Given material START
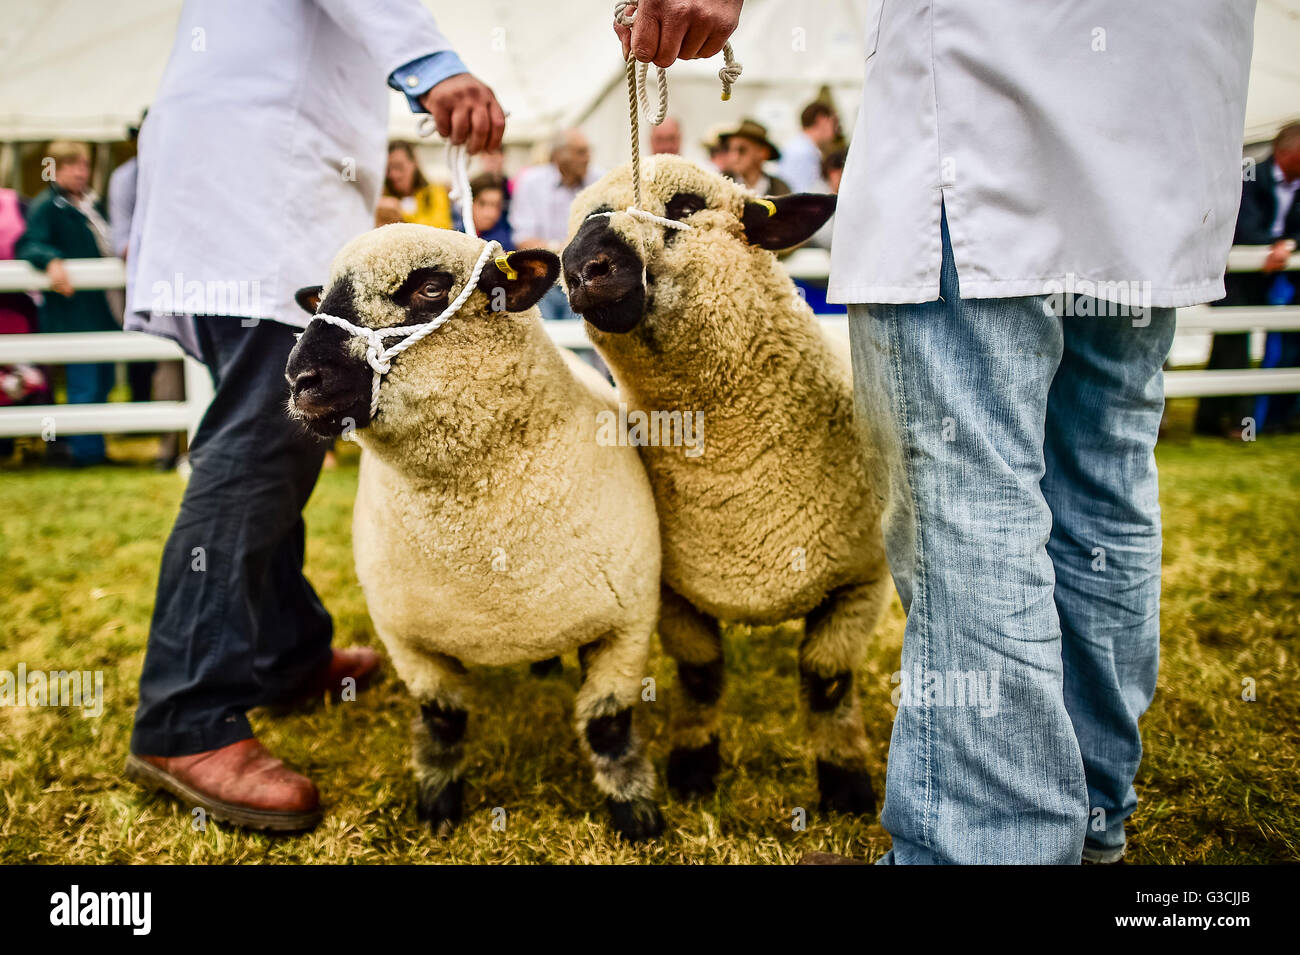 Les moutons sont stabilisés dans l'arène où les meilleurs couples nicheurs sont exposés sur deux jours au Royal Cornwall Show, Wadebridge, Cornwall. Banque D'Images
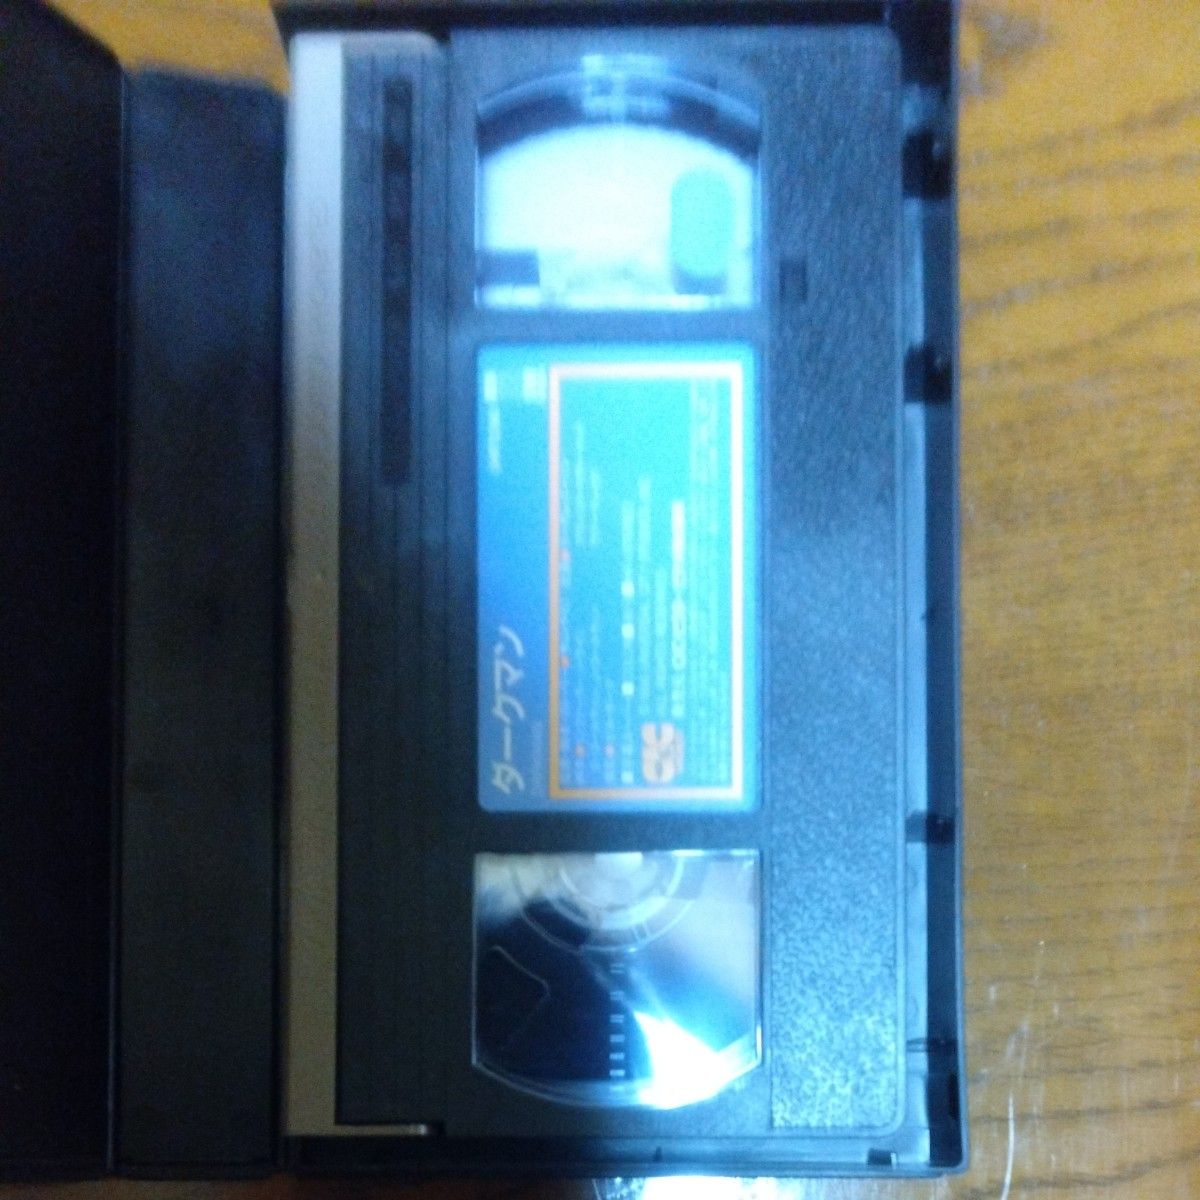 映画『ダークマン』(1991年日本公開) VHS ビデオテープ
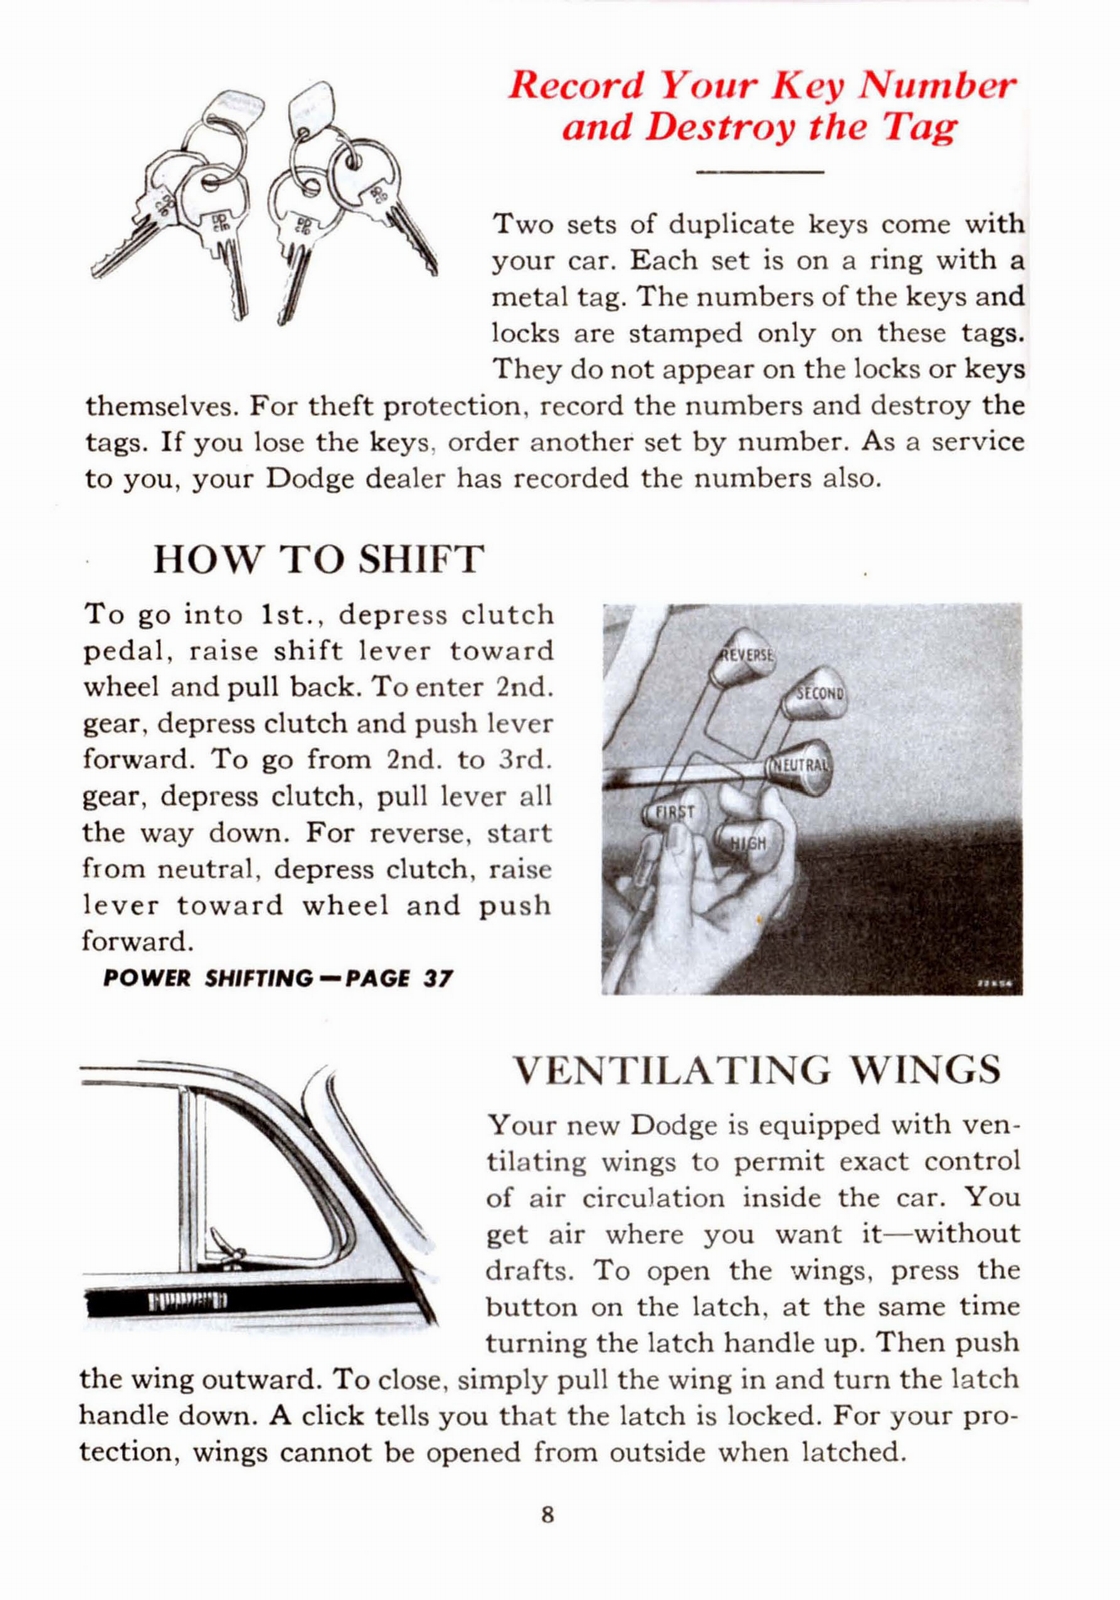 n_1941 Dodge Owners Manual-08.jpg
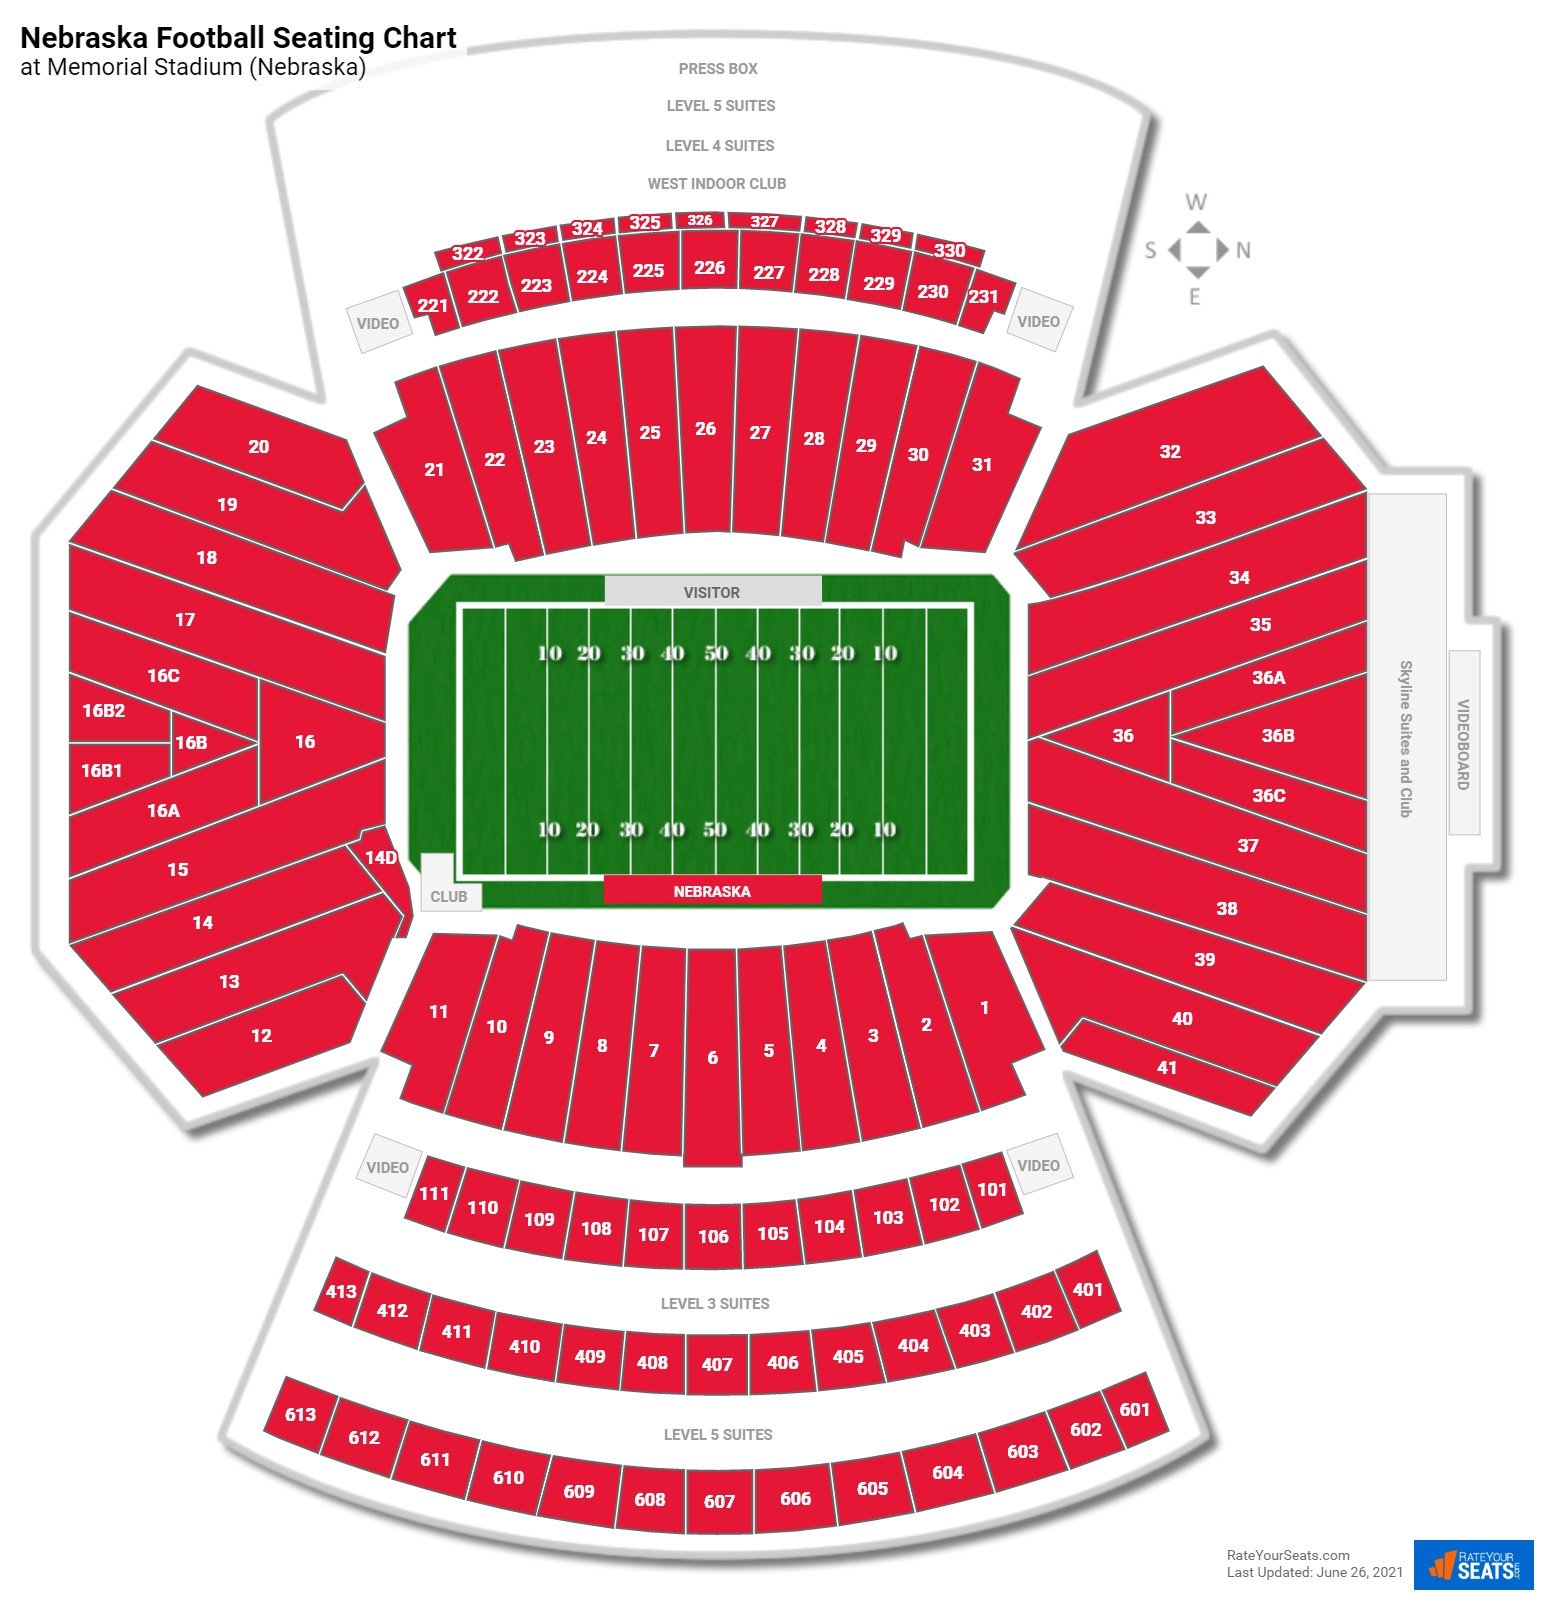 nebraska-football-seating-chart-at-memorial-stadium-(nebraska).jpg
Given material END
Exactly as written, repeat the lines of the material above from the first through the line holding "n_1941 Dodge Owners Manual-08.jpg", with both ends in the copy and no pictures.

 Les moutons sont stabilisés dans l'arène où les meilleurs couples nicheurs sont exposés sur deux jours au Royal Cornwall Show, Wadebridge, Cornwall. Banque D'Images
 映画『ダークマン』(1991年日本公開) VHS ビデオテープ
 n_1941 Dodge Owners Manual-08.jpg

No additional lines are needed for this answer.